Results are written to allele.data.path:
| File | Description |
|---|---|
fold_changes_output.csv |
Fold changes per target group and sample |
fold_changes_final_output.csv |
Per-gene fold changes (maximum across target groups within each gene) |
The rendered HTML report includes QC plots, control diagnostics, and heatmaps of fold changes across samples.

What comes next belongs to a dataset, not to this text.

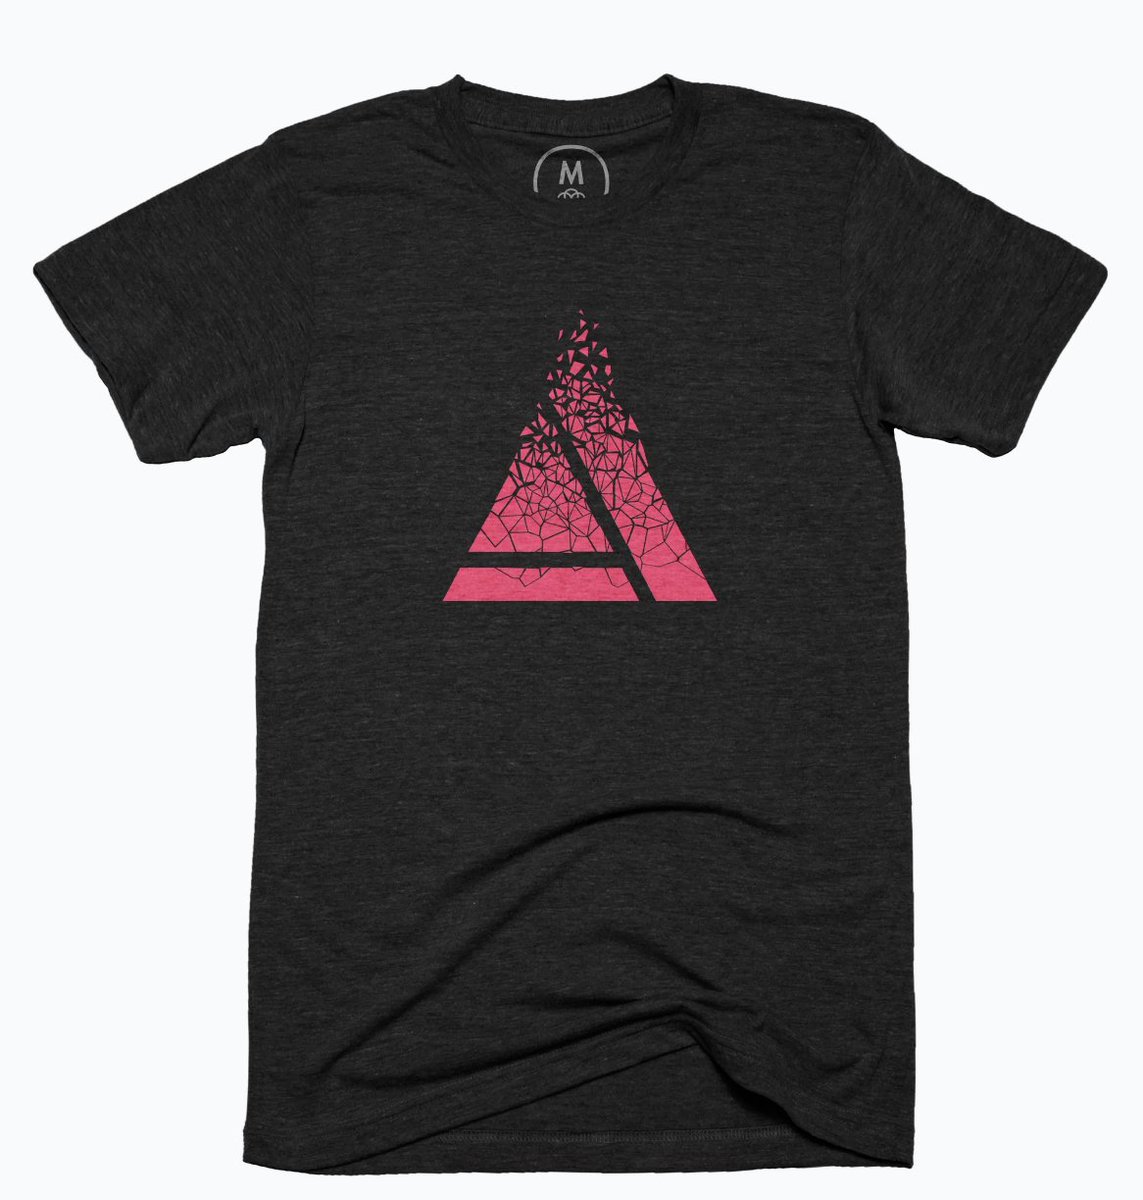 Just crossed someone in the street wearing an @aframevr shirt. It made so happy 🥰 Get yours and rock the free 3D Web! cottonbureau.com/people/diego-m…

The panel_information/ directory includes amplicon and target-of-interest files for mad4hatter primer pools:
| Pool | Description |
|---|---|
| D1.1 (D1) | 165 high-diversity targets plus ldh loci for species identification |
| R1.1 | 82 resistance, species ID, and immune-related targets |
| R1.2 (R1) | Reduced R1 pool (47 targets) for improved sensitivity |
| R2.1 (R2) | 31 complementary resistance targets |
| M1.1 (M1) | PfPHAST minimal panel (41 targets) |
| M2.1 (M2) | PfPHAST complementary panel (15 targets) |
| M1.addon | Non-P. falciparum mitochondrial cytb targets for M1 |
For MADHatTeR, the recommended configuration is two mPCR reactions: one with D1 and R1.2 primers, and one with R2 primers. More protocol details are available from the EPPIcenter.
If your data uses different pool names (e.g. D1 instead of D1.1), ensure the pool column in allele_data.txt matches the directory names under panel_information/.